One Number Fixed. Thousands Still Wrong.
Here's what that one corrective entry actually did, and didn't do. It fixed the sum. It did nothing for the roughly 28,000 individual CAD transactions sitting underneath it, each one still carrying the wrong exchange rate, each one still technically wrong at the transaction level — forever, because the correction was a plug, not a restatement. Nobody had gone back and repriced five months of individual premiums and claims. Nobody reasonably could have — that's thousands of line items across dozens of treaties, reconciled to a single top-line adjustment instead.
For financial reporting, that's a closed matter. The balance sheet is right. For anyone downstream trying to use that data — pricing actuaries looking at loss ratios by cedant, portfolio managers segmenting Canadian exposure by treaty type — five months of 2022 is quietly, permanently unreliable at the level of detail their work actually needs.
What We Tried First
We tried the version everyone tries first: fix it properly. Pull the five months of CAD transactions, reprice each one at the correct historical rate, replace the lump-sum entry with the transaction-level truth it should have been. Cleaner data, better lineage, obviously the right thing to do.

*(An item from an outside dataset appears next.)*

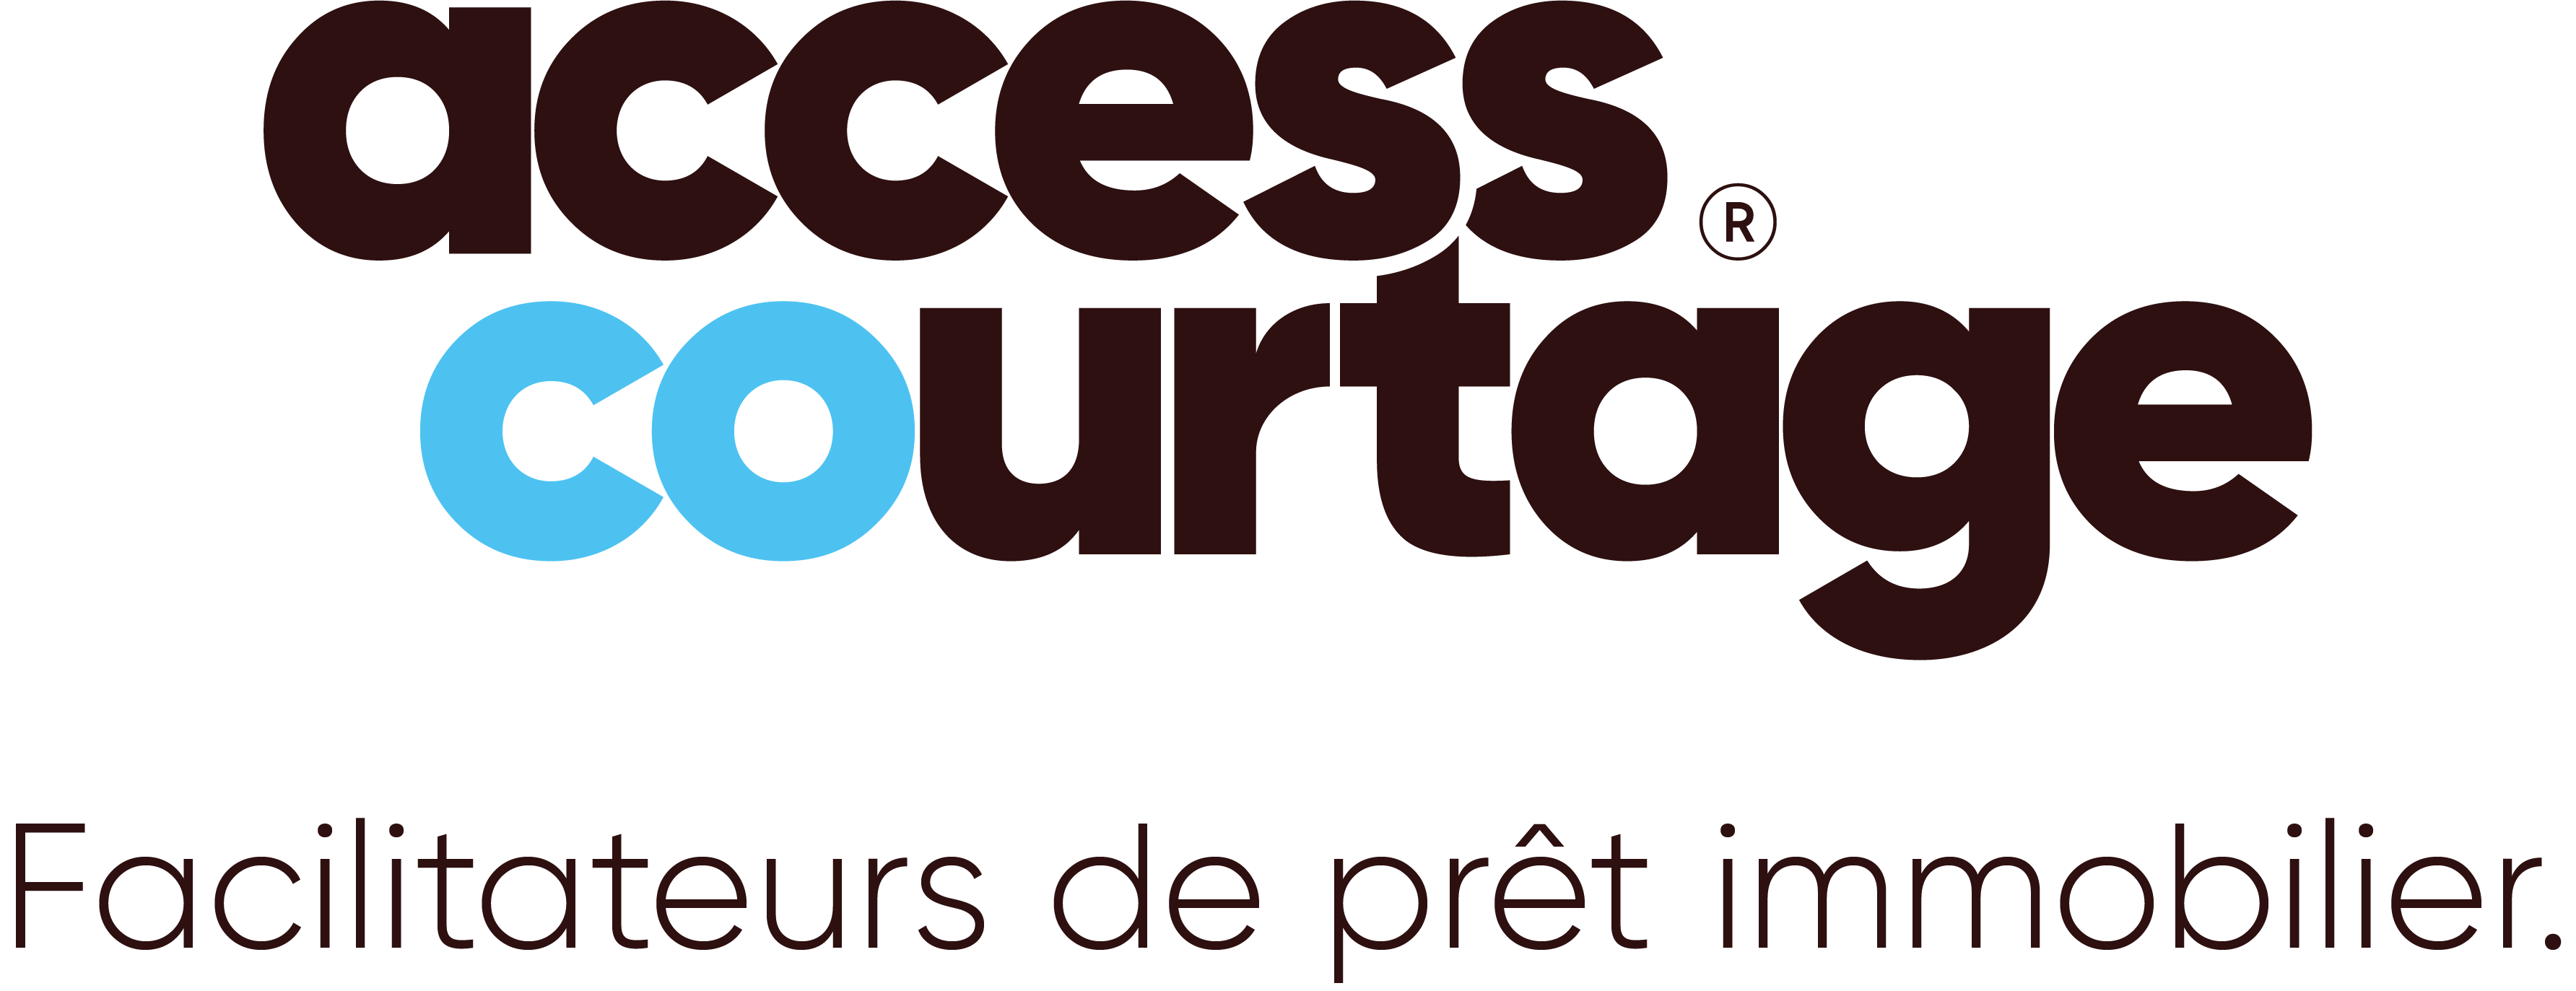 Access Courtage

It broke reconciliation to our filed FY22 accounts by eleven and a half thousand francs. Our external auditors were polite about it. They were also clear: reopening an audited period to make the data "more correct" wasn't a data project anymore. It was a restatement conversation, and restatement conversations go to the audit committee, not the migration team.
Bringing In an AI Managed Service
What changed things was refusing to pick a winner. The AI Managed Service approach kept the original transactions and the June 1st correcting entry exactly as filed, byte for byte, permanently reconcilable to every financial statement we have ever published. Alongside that, in a clearly separate and clearly labelled layer, it built the transaction-level restatement: what each of those five months of CAD transactions should have priced at, with full lineage back to the corrected rate, and a flag on every row marking it as an analytical reconstruction rather than a change to the books of record.
A Reconciliation That Never Breaks
That separation is what let me sign the migration off without reopening anything. Every figure our auditors have ever reviewed still reconciles, to the franc, forever — because we never touched it. The migrated ledger carries the original transactions and the original corrective entry exactly as filed, with the AI Managed Service maintaining that reconciliation automatically as new periods close, not just for the one entry we already knew about, but for every plug, workaround, and manual correction like it across three and a half decades of records.
Data I Could Finally Ask Questions Of
The restated layer is what gave the business back the five months it had quietly written off. Our pricing actuaries could finally segment Canadian cedant performance through the whole of 2022 without a five-month hole of unreliable detail in the middle of it. Portfolio management could run loss-ratio analysis by treaty and by currency and trust every quarter equally, instead of footnoting one and hoping nobody asked why.
We found one Canadian treaty that had looked marginally profitable for two years, once you actually corrected the five months everyone had been quietly working around. It wasn't. The lump-sum entry had been correct about our balance sheet and silent about our portfolio.
Why We Could Finally Go Greenfield
This is what let the migration proceed as a genuine rebuild instead of a careful, anxious copy of decades of manual corrections. Once the AI Managed Service stood behind the full history — every original transaction, every correcting entry, every restated equivalent, all reconciled and all covered under an SLA guaranteeing it would stay that way — my finance team stopped trying to decide, case by case, which of hundreds of historical corrections were safe to migrate as-is and which needed careful handling.
We migrated the current book and clean opening balances into the new platform, full stop. Every historical correction, restated or original, stayed with the AI Managed Service, reconcilable on demand in whichever form the person asking actually needed — audited, or economic. My team built the target ledger for how the business runs today, not as an archaeology project for every plug entry since the system went live.
Both numbers were true. Only one of them was allowed to change. I signed that migration off knowing both truths could be pulled apart and both trusted — the audited number that never moves, and the economic detail that finally does justice to what actually happened. Somewhere around month three of a five-month currency error, I stopped thinking about it as a data quality problem. It's a question of whose truth you're asking for. The migration only worked once we stopped forcing one answer to serve both questions.